Back to Mastra

Reference: ElevenLabs | Voice

docs/src/content/en/reference/voice/elevenlabs.mdx

2025-12-185.0 KB
Original Source

ElevenLabs

The ElevenLabs voice implementation in Mastra provides high-quality text-to-speech (TTS) and speech-to-text (STT) capabilities using the ElevenLabs API.

Usage example

typescript
import { ElevenLabsVoice } from '@mastra/voice-elevenlabs'

// Initialize with default configuration (uses ELEVENLABS_API_KEY environment variable)
const voice = new ElevenLabsVoice()

// Initialize with custom configuration
const voice = new ElevenLabsVoice({
  speechModel: {
    name: 'eleven_multilingual_v2',
    apiKey: 'your-api-key',
  },
  speaker: 'custom-speaker-id',
})

// Text-to-Speech
const audioStream = await voice.speak('Hello, world!')

// Get available speakers
const speakers = await voice.getSpeakers()

Constructor parameters

<PropertiesTable content={[ { name: 'speechModel', type: 'ElevenLabsVoiceConfig', description: 'Configuration for text-to-speech functionality.', isOptional: true, defaultValue: "{ name: 'eleven_multilingual_v2' }", properties: [ { type: 'ElevenLabsVoiceConfig', parameters: [ { name: 'name', type: 'ElevenLabsModel', description: 'The ElevenLabs model to use', isOptional: true, defaultValue: "'eleven_multilingual_v2'", }, { name: 'apiKey', type: 'string', description: 'ElevenLabs API key. Falls back to ELEVENLABS_API_KEY environment variable', isOptional: true, }, ], }, ], }, { name: 'speaker', type: 'string', description: 'ID of the speaker to use for text-to-speech', isOptional: true, defaultValue: "'9BWtsMINqrJLrRacOk9x' (Aria voice)", }, ]} />

Methods

speak()

Converts text to speech using the configured speech model and voice.

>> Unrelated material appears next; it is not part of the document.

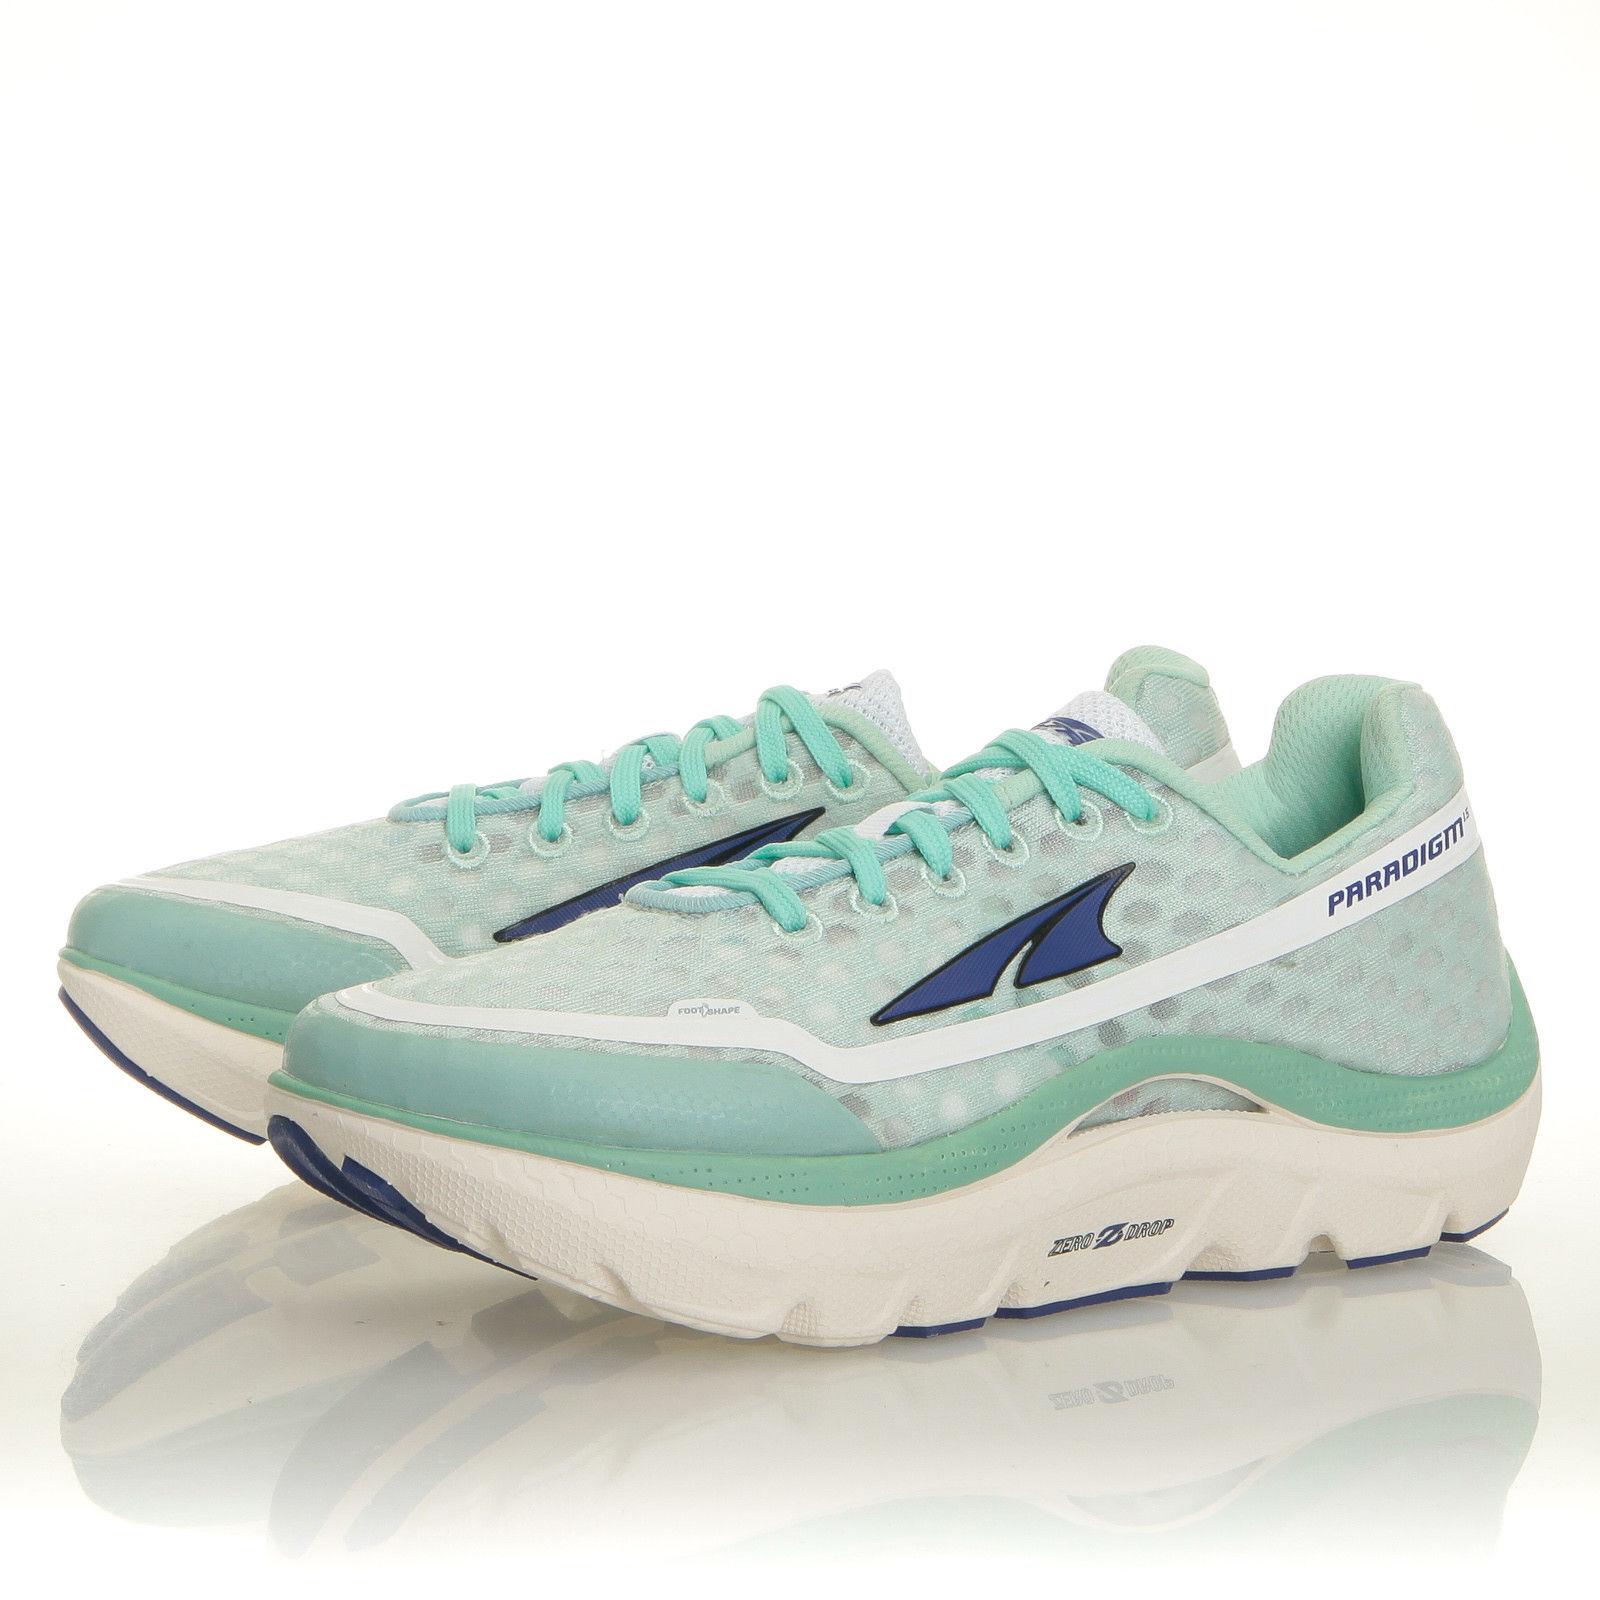 Altra Womens Paradigm 15 Zero Drop Running Shoes Trainers Sneaker

<PropertiesTable content={[ { name: 'input', type: 'string | NodeJS.ReadableStream', description: 'Text to convert to speech. If a stream is provided, it will be converted to text first.', isOptional: false, }, { name: 'options', type: 'object', description: 'Additional options for speech synthesis', isOptional: true, properties: [ { type: 'object', parameters: [ { name: 'speaker', type: 'string', description: 'Override the default speaker ID for this request', isOptional: true, }, ], }, ], }, ]} />

Returns: Promise<NodeJS.ReadableStream>

getSpeakers()

Returns an array of available voice options, where each node contains:

<PropertiesTable content={[ { name: 'voiceId', type: 'string', description: 'Unique identifier for the voice', isOptional: false, }, { name: 'name', type: 'string', description: 'Display name of the voice', isOptional: false, }, { name: 'language', type: 'string', description: 'Language code for the voice', isOptional: false, }, { name: 'gender', type: 'string', description: 'Gender of the voice', isOptional: false, }, ]} />

listen()

Converts audio input to text using ElevenLabs Speech-to-Text API.

<PropertiesTable content={[ { name: 'input', type: 'NodeJS.ReadableStream', description: 'A readable stream containing the audio data to transcribe', isOptional: false, }, { name: 'options', type: 'object', description: 'Configuration options for the transcription', isOptional: true, }, ]} />

The options object supports the following properties:

<PropertiesTable content={[ { name: 'language_code', type: 'string', description: "ISO language code (e.g., 'en', 'fr', 'es')", isOptional: true, }, { name: 'tag_audio_events', type: 'boolean', description: 'Whether to tag audio events like [MUSIC], [LAUGHTER], etc.', isOptional: true, }, { name: 'num_speakers', type: 'number', description: 'Number of speakers to detect in the audio', isOptional: true, }, { name: 'filetype', type: 'string', description: "Audio file format (e.g., 'mp3', 'wav', 'ogg')", isOptional: true, }, { name: 'timeoutInSeconds', type: 'number', description: 'Request timeout in seconds', isOptional: true, }, { name: 'maxRetries', type: 'number', description: 'Maximum number of retry attempts', isOptional: true, }, { name: 'abortSignal', type: 'AbortSignal', description: 'Signal to abort the request', isOptional: true, }, ]} />

Returns: Promise<string> - A Promise that resolves to the transcribed text

Important notes

  1. An ElevenLabs API key is required. Set it via the ELEVENLABS_API_KEY environment variable or pass it in the constructor.
  2. The default speaker is set to Aria (ID: '9BWtsMINqrJLrRacOk9x').
  3. Speech-to-text functionality isn't supported by ElevenLabs.
  4. Available speakers can be retrieved using the getSpeakers() method, which returns detailed information about each voice including language and gender.